The contracts introduce the following parameters, which can be modified by governance:
Minimum Initial Debt: Least IST amount that new vaults must mint.
Liquidation Margin: Ratio triggering vault liquidation.
Minimum Collateralization Ratio: Lowest ratio for vault creation or adjustment.
Stability Fee: Fee for vault upkeep.
Liquidation Penalty: Charge upon vault liquidation.
Mint Limit: Maximum net IST that may be minted by the ‘Vault Manager’ for a specific collateral type.
These parameters can be adjusted through a vote by Inter Protocol’s elected Economic Committee.
Maintaining solvency is crucial for Inter Protocol, which ensures the value of minted IST doesn't outstrip the collateral's worth. Liquidation, triggered when a vault’s collateral-to-debt ratio drops below a preset margin, is the protocol’s safeguarding measure. This process is transparent, with prices locked ahead of auctions, signaling users of potential liquidations and offering an opportunity to stabilize their Vaults.
During liquidation, vaults of a single collateral type are grouped for an auction aimed at covering the total debt. Depending on the auction outcome, several scenarios may unfold: collateral may be sold to cover the debt with a penalty directed to the Reserve; all collateral may be sold, not fully covering the debt, causing a shortfall; or unsold collateral and uncovered debt could lead to partially reconstituted or zeroed-out Vaults, with a shortfall and surplus collateral shifted to the reserve.
Our system employs a descending clock auction, starting above the current oracle price and stepping down, filling bids along the way. The auctioning process is transparent and fair, with bids filled in order of arrival. The governing parameters of the auction are adjustable, initially overseen by the Economic Committee as the protocol stabilizes. However, auction tuning lies outside the Committee's purview, prompting community discussions on managing this capability. Balancing liquidation and auction strategies is vital to maintain protocol solvency and provide a transparent mechanism for users.

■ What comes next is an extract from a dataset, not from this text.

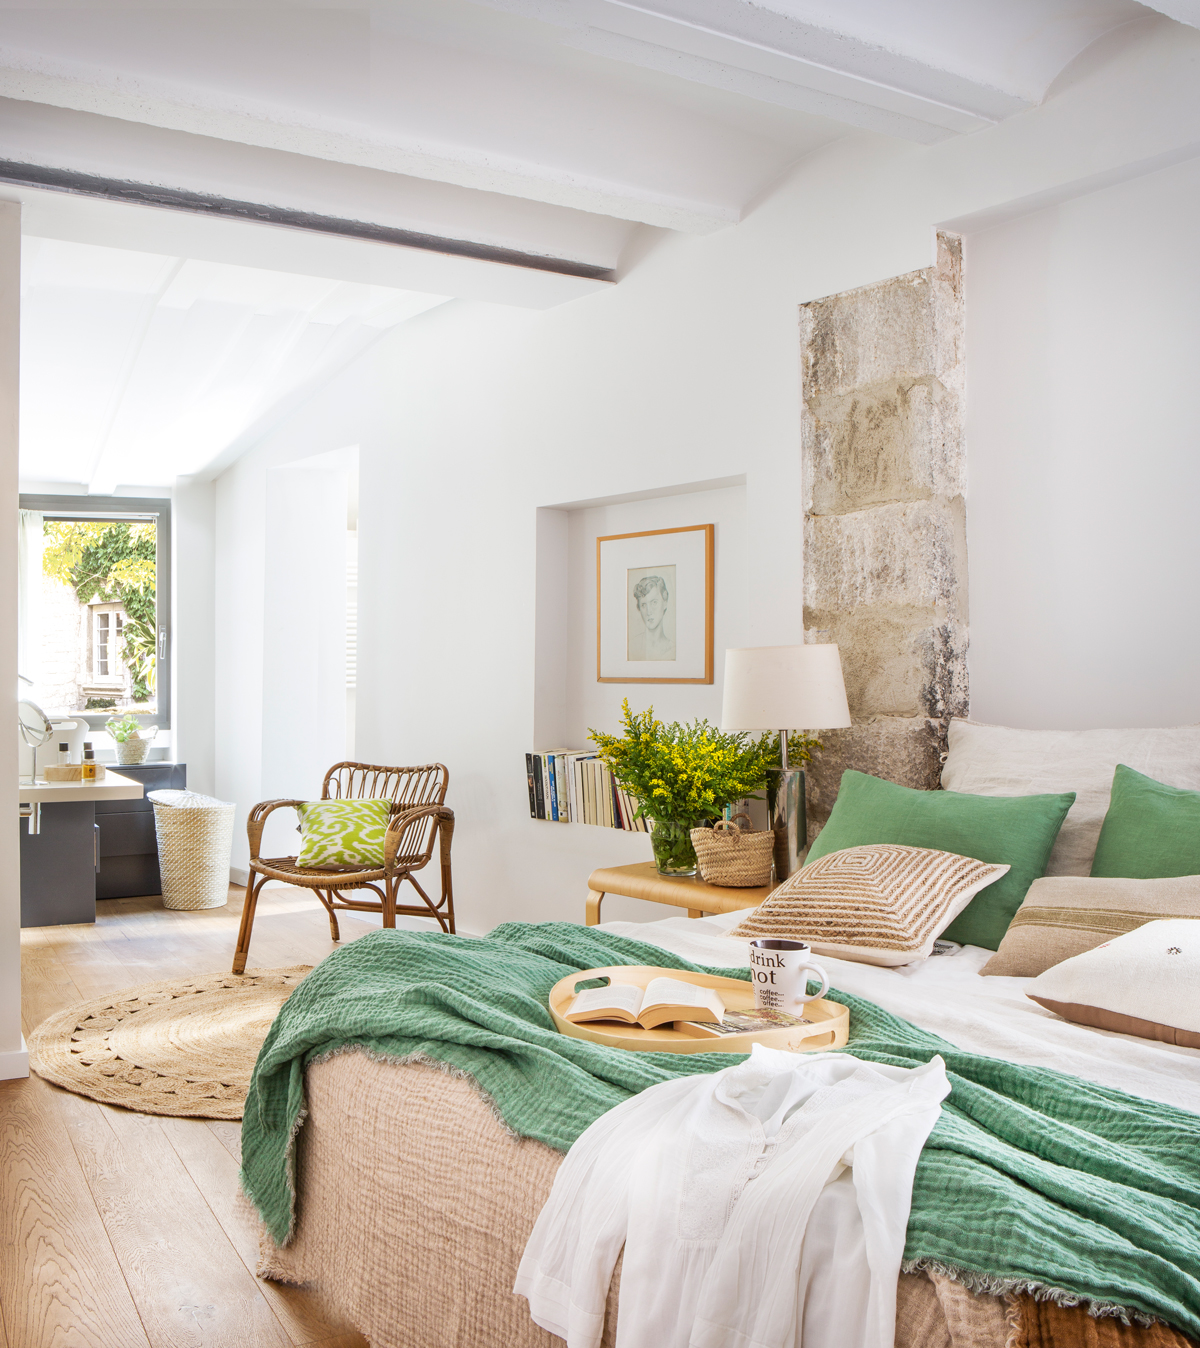 Hornacinas huecos decorativos y con espacio extra para - El mueble decoracion dormitorios ...

The Reserve serves as the Inter Protocol’s primary accounting hub. Key functions include holding assets from protocol fees such as Stability Fees or Liquidation Penalties, accommodating assets contributed via transfers, tracking shortfalls from unsuccessful liquidations, and reducing shortfall 1:1 by burning IST through a governed API call. This latter function can be invoked by the Economic Committee, providing a mechanism to balance the protocol's finances. The Economic Committee may require a vote from BLD stakers before executing this authority, ensuring community involvement in major fiscal decisions.

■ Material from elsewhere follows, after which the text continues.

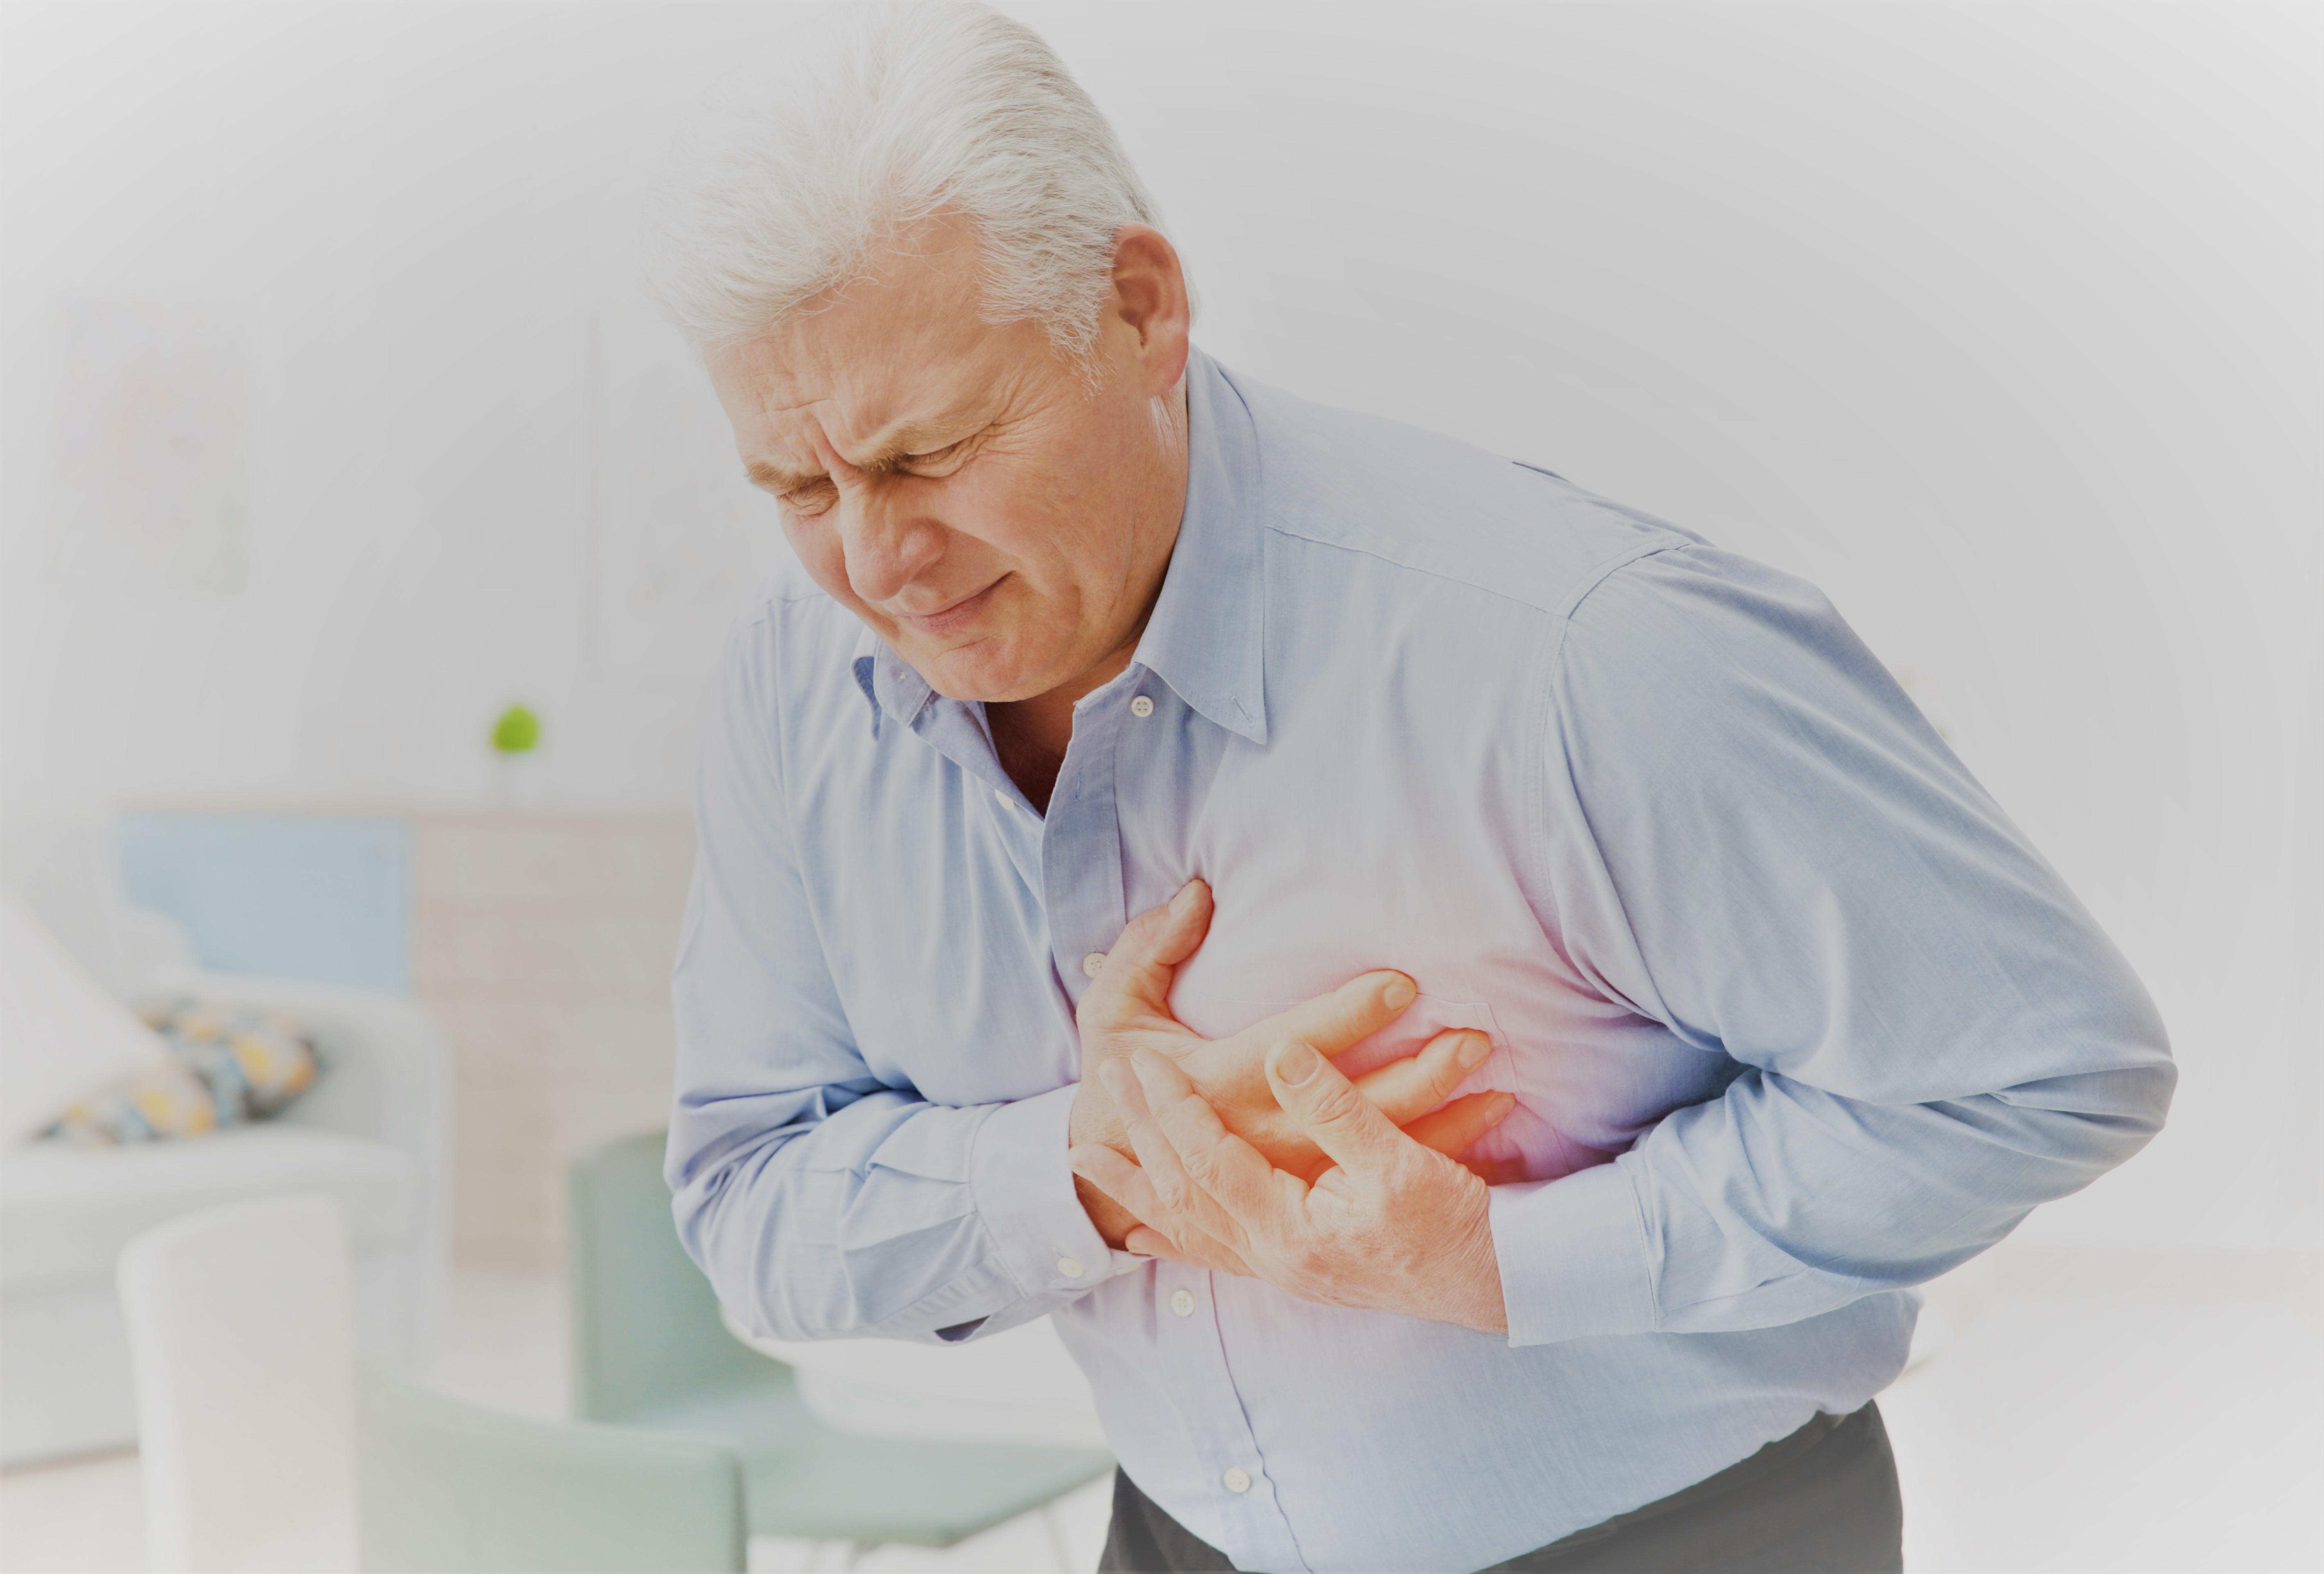 torna a vállízületnél a fájdalom miatt

Vaults require a reliable price feed for approved collateral such as ATOM. To ensure this, a decentralized oracle network has been established, comprising five Agoric validators experienced in Chainlink node operation and led by Simply Staking. Node operators submit prices to a contract, which then calculates the median to provide a price feed utilized by the Vaults contracts. The network's composition, including addition or removal of node operators, is guided by Simply Staking, with the Economic Committee temporarily overseeing execution.
What’s Next for the Ecosystem
As we near the final stages of preparing the Mainnet-1B platform upgrade for production, we encourage the Agoric community to ready themselves for the ensuing discussions and governance actions necessary to upgrade the Agoric chain and integrate Vaults into the Inter Protocol.
Key steps you can take:
Engage in active discussions on the Community forum.
Stake your BLD tokens, ensuring you’re ready to vote on proposals ahead of launch.
Follow our Twitter and Discord throughout May to stay updated on key milestones.
Remember: the BLD stakers administer the Agoric blockchain as a decentralized community. Disparate community members play a crucial role in shaping the Agoric chain and Inter Protocol's future, including the launch of mainnet-1B and Vaults. As we, the core developers, prepare to finalize the next Agoric SDK release, we rely on you, the community, to ready yourselves for the next big stride in the Agoric ecosystem!